# anonimous



## Leopold

I've seen in another forum that it is possible to show a list of guests indicating the place they come from. Something like: 
Guests: USA (5), China (2), Czech Rep. (1), Argentina (7)...
I know it is superflual, but gives a different look to all that mass of anonymous users...
I'm just asking whether this would be possible.
Thanks.

L.


----------



## Artrella

Leopold said:
			
		

> I've seen in another forum that it is possible to show a list of guests indicating the place they come from. Something like:
> Guests: USA (5), China (2), Czech Rep. (1), Argentina (7)...
> I know it is superflual, but gives a different look to all that mass of anonimous users...
> I'm just asking whether this would be possible.
> Thanks.
> 
> L.





Leo, if you are talking about the forum I think... they did a poll there.  Maybe we can do the same here.


----------



## Leopold

A poll? Where? What for? ¿?

L.


----------



## Artrella

Leopold said:
			
		

> A poll? Where? What for? ¿?
> 
> L.




I meant, that in a forum (an English one) I saw there was a poll just to survey the amount of people of each country.  You have to click for instance:
China- Spain- US- Other countries.  In this way you find out what percentage of the total amount of members belong to each country.


----------



## Benjy

Artrella said:
			
		

> I meant, that in a forum (an English one) I saw there was a poll just to survey the amount of people of each country.  You have to click for instance:
> China- Spain- US- Other countries.  In this way you find out what percentage of the total amount of members belong to each country.
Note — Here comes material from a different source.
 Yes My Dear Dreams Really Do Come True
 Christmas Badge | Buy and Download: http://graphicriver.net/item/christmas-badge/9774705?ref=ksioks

art i think what hes suggesting is that on the bottom of the main forum page where you see the members online, that the guests be broken down by nation... which could be based on ip address's... i don't know how hard that would be to implement as i don't know any php/html :/


----------



## mkellogg

That would be cool to have, and probably a lot of work to impliment.

If the other forum uses Vbulletin like this one does, please PM me the link.  I might be able to get the code from them.

Mike


----------



## alc112

Excuse me all
But i don't find sense to do that
How many guest post here? they only look for something useful
Maybe that would be great to do  with the members.
Regads


----------



## Leopold

It would be a way of giving a more transparent perspective, I think. Usually there are much more guests online than registered users. Registered users can reflect the place where they live in their profile.
I know, as I said, it is superflual, but could make the forums more... motley (?).

L.


----------



## DDT

Leopold said:
			
		

> It would be a way of giving a more transparent perspective, I think. Usually there are much more guests online than registered users. Registered users can reflect the place where they live in their profile.
> I know, as I said, it is superflual, but could make the forums more... motley (?).
> 
> L.



I don't know...personally I would be identified as French for I live most time in Paris, but I'm Italian  ...and as soon as I'm back to Italy or travelling anywhere else (as I happen to do) I could be English, Spanish, German...
The forums would be motley, I agree, yet the information may be quite inaccurate...   

DDT


----------



## Leopold

It would be accurate, for it tells the place you are, not the place you were born...
Anyway I've talked to Mike and it seems it'd be hard to implement...

L.


----------



## supercrom

I think it would be very interesting to know where members come from, where they are now and (if possible) which of these countries (if) this user identifies the most.

*CROM

*P.S. It is anonymous non anonimous.


----------



## alc112

Conozco un foro de la misma apariencia a este en el cual los guest pueden poner su nombre cuando postean. Quizás podría servir.
Saludos


----------